## Work to be completed
In full and without alteration, transcribe the listing.
[[ Records provided, beginning ]]
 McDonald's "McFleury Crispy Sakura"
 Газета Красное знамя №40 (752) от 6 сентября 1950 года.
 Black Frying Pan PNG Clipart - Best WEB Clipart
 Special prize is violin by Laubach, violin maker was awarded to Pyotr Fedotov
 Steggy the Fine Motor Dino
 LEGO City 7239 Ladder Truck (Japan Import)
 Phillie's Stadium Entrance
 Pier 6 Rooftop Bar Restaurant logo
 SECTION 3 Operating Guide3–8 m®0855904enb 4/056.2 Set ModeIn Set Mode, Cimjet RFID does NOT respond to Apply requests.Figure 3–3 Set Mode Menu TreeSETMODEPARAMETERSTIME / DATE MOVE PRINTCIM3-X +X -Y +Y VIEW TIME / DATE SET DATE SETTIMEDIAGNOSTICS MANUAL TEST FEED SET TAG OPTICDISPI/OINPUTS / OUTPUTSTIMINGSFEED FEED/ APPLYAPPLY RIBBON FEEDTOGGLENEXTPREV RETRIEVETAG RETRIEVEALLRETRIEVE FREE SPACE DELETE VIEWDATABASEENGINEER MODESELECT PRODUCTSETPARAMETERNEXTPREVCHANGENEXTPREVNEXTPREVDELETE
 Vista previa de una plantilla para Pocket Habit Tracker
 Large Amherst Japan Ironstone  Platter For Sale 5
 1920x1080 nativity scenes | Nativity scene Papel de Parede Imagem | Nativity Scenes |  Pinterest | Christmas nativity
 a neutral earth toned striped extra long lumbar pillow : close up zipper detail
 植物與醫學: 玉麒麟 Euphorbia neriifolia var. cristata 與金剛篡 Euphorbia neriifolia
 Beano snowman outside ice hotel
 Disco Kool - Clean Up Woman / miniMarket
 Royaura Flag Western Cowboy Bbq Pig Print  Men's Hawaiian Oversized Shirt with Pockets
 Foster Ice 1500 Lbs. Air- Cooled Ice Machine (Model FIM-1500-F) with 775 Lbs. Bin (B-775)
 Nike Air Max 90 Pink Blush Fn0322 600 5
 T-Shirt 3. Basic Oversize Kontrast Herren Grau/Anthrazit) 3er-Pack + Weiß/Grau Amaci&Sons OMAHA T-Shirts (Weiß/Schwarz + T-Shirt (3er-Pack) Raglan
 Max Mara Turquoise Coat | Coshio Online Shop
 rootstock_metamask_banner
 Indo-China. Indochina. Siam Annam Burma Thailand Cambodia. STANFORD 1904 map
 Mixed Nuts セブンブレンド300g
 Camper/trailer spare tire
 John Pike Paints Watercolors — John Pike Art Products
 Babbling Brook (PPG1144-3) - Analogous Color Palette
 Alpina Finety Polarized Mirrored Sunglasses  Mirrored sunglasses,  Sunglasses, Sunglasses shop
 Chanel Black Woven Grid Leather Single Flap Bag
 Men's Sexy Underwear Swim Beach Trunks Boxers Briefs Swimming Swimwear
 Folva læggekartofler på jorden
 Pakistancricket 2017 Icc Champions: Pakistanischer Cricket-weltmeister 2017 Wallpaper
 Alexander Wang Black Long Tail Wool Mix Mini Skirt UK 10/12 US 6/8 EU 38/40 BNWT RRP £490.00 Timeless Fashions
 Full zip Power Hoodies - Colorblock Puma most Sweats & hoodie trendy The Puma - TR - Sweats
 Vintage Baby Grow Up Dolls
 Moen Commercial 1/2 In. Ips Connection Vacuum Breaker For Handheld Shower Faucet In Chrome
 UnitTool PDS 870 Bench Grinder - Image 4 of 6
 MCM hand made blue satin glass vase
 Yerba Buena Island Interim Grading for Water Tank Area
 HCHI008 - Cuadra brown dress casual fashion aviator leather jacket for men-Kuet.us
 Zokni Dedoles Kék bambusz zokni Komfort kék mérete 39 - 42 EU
[[ Records provided, end ]]
## Output of the task
 McDonald's "McFleury Crispy Sakura"
 Газета Красное знамя №40 (752) от 6 сентября 1950 года.
 Black Frying Pan PNG Clipart - Best WEB Clipart
 Special prize is violin by Laubach, violin maker was awarded to Pyotr Fedotov
 Steggy the Fine Motor Dino
 LEGO City 7239 Ladder Truck (Japan Import)
 Phillie's Stadium Entrance
 Pier 6 Rooftop Bar Restaurant logo
 SECTION 3 Operating Guide3–8 m®0855904enb 4/056.2 Set ModeIn Set Mode, Cimjet RFID does NOT respond to Apply requests.Figure 3–3 Set Mode Menu TreeSETMODEPARAMETERSTIME / DATE MOVE PRINTCIM3-X +X -Y +Y VIEW TIME / DATE SET DATE SETTIMEDIAGNOSTICS MANUAL TEST FEED SET TAG OPTICDISPI/OINPUTS / OUTPUTSTIMINGSFEED FEED/ APPLYAPPLY RIBBON FEEDTOGGLENEXTPREV RETRIEVETAG RETRIEVEALLRETRIEVE FREE SPACE DELETE VIEWDATABASEENGINEER MODESELECT PRODUCTSETPARAMETERNEXTPREVCHANGENEXTPREVNEXTPREVDELETE
 Vista previa de una plantilla para Pocket Habit Tracker
 Large Amherst Japan Ironstone  Platter For Sale 5
 1920x1080 nativity scenes | Nativity scene Papel de Parede Imagem | Nativity Scenes |  Pinterest | Christmas nativity
 a neutral earth toned striped extra long lumbar pillow : close up zipper detail
 植物與醫學: 玉麒麟 Euphorbia neriifolia var. cristata 與金剛篡 Euphorbia neriifolia
 Beano snowman outside ice hotel
 Disco Kool - Clean Up Woman / miniMarket
 Royaura Flag Western Cowboy Bbq Pig Print  Men's Hawaiian Oversized Shirt with Pockets
 Foster Ice 1500 Lbs. Air- Cooled Ice Machine (Model FIM-1500-F) with 775 Lbs. Bin (B-775)
 Nike Air Max 90 Pink Blush Fn0322 600 5
 T-Shirt 3. Basic Oversize Kontrast Herren Grau/Anthrazit) 3er-Pack + Weiß/Grau Amaci&Sons OMAHA T-Shirts (Weiß/Schwarz + T-Shirt (3er-Pack) Raglan
 Max Mara Turquoise Coat | Coshio Online Shop
 rootstock_metamask_banner
 Indo-China. Indochina. Siam Annam Burma Thailand Cambodia. STANFORD 1904 map
 Mixed Nuts セブンブレンド300g
 Camper/trailer spare tire
 John Pike Paints Watercolors — John Pike Art Products
 Babbling Brook (PPG1144-3) - Analogous Color Palette
 Alpina Finety Polarized Mirrored Sunglasses  Mirrored sunglasses,  Sunglasses, Sunglasses shop
 Chanel Black Woven Grid Leather Single Flap Bag
 Men's Sexy Underwear Swim Beach Trunks Boxers Briefs Swimming Swimwear
 Folva læggekartofler på jorden
 Pakistancricket 2017 Icc Champions: Pakistanischer Cricket-weltmeister 2017 Wallpaper
 Alexander Wang Black Long Tail Wool Mix Mini Skirt UK 10/12 US 6/8 EU 38/40 BNWT RRP £490.00 Timeless Fashions
 Full zip Power Hoodies - Colorblock Puma most Sweats & hoodie trendy The Puma - TR - Sweats
 Vintage Baby Grow Up Dolls
 Moen Commercial 1/2 In. Ips Connection Vacuum Breaker For Handheld Shower Faucet In Chrome
 UnitTool PDS 870 Bench Grinder - Image 4 of 6
 MCM hand made blue satin glass vase
 Yerba Buena Island Interim Grading for Water Tank Area
 HCHI008 - Cuadra brown dress casual fashion aviator leather jacket for men-Kuet.us
 Zokni Dedoles Kék bambusz zokni Komfort kék mérete 39 - 42 EU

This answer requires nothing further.